WiFi networks often seek to reduce interference through network planning, macroscopic self-organization (e.g. channel switching) or network management. In this paper, we explore the use of historical data to automatically predict traffic bottlenecks and make rapid decisions in a wireless (WiFi-like) network on a smaller scale. This is now possible with software defined networks (SDN), whose controllers can have a global view of traffic flows in a network. Models such as classification trees can be used to quickly make decisions on how to manage network resources based on the quality needs, service level agreement or other criteria provided by a network administrator. The objective of this paper is to use data generated by simulation tools to see if such classification models can be developed and to evaluate their efficacy.

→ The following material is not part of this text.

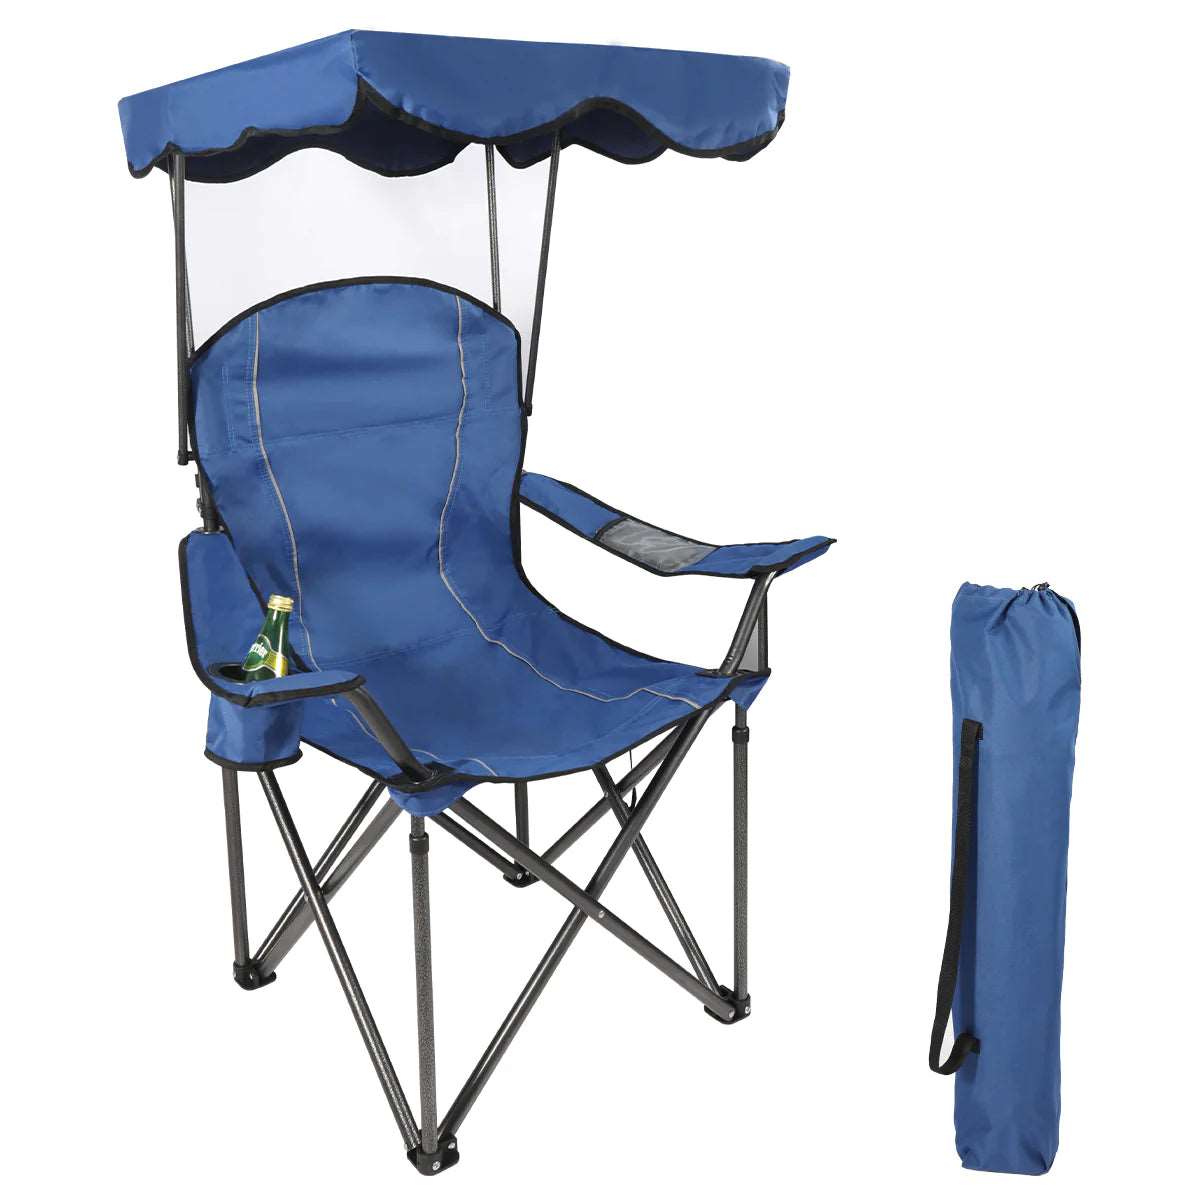 Oversized Folding Camping Chairs with Canopy Shade

For this purpose, extensive simulation data was collected and data mining techniques were then used to develop QoS prediction trees. Such trees can predict the maximum delay that results due to specific traffic situations with specific parameters. We evaluated these decision/classification trees by placing them in an SDN controller. OpenFlow cannot directly provide the necessary information for managing wireless networks so we used POX messenger to set up an agent on each AP for adjusting the network. Finally we explored the possibility of updating the tree using feedback that the controller receives from hosts. Our results show that such trees are effective and can be used to manage the network and decrease maximum packet delay.
面向无线sdn干扰管理的历史数据挖掘
WiFi网络通常通过网络规划、宏观自组织(如信道交换)或网络管理来寻求减少干扰。在本文中,我们探索了在较小规模的无线(类wifi)网络中使用历史数据来自动预测流量瓶颈并做出快速决策。现在,软件定义网络(SDN)可以实现这一点,它的控制器可以拥有网络中流量的全局视图。分类树等模型可用于根据网络管理员提供的质量需求、服务水平协议或其他标准,快速做出如何管理网络资源的决策。本文的目的是利用仿真工具生成的数据,看看是否可以开发这样的分类模型,并评估其有效性。为此,收集了大量的模拟数据,然后使用数据挖掘技术开发QoS预测树。这种树可以预测由于具有特定参数的特定交通情况而导致的最大延迟。我们通过将这些决策/分类树放置在SDN控制器中来评估它们。OpenFlow不能直接提供管理无线网络所需的信息,所以我们使用POX messenger在每个AP上建立一个代理来调整网络。最后,我们探讨了使用控制器从主机接收到的反馈来更新树的可能性。我们的研究结果表明,这种树是有效的,可以用来管理网络和减少最大数据包延迟。
本文章由计算机程序翻译,如有差异,请以英文原文为准。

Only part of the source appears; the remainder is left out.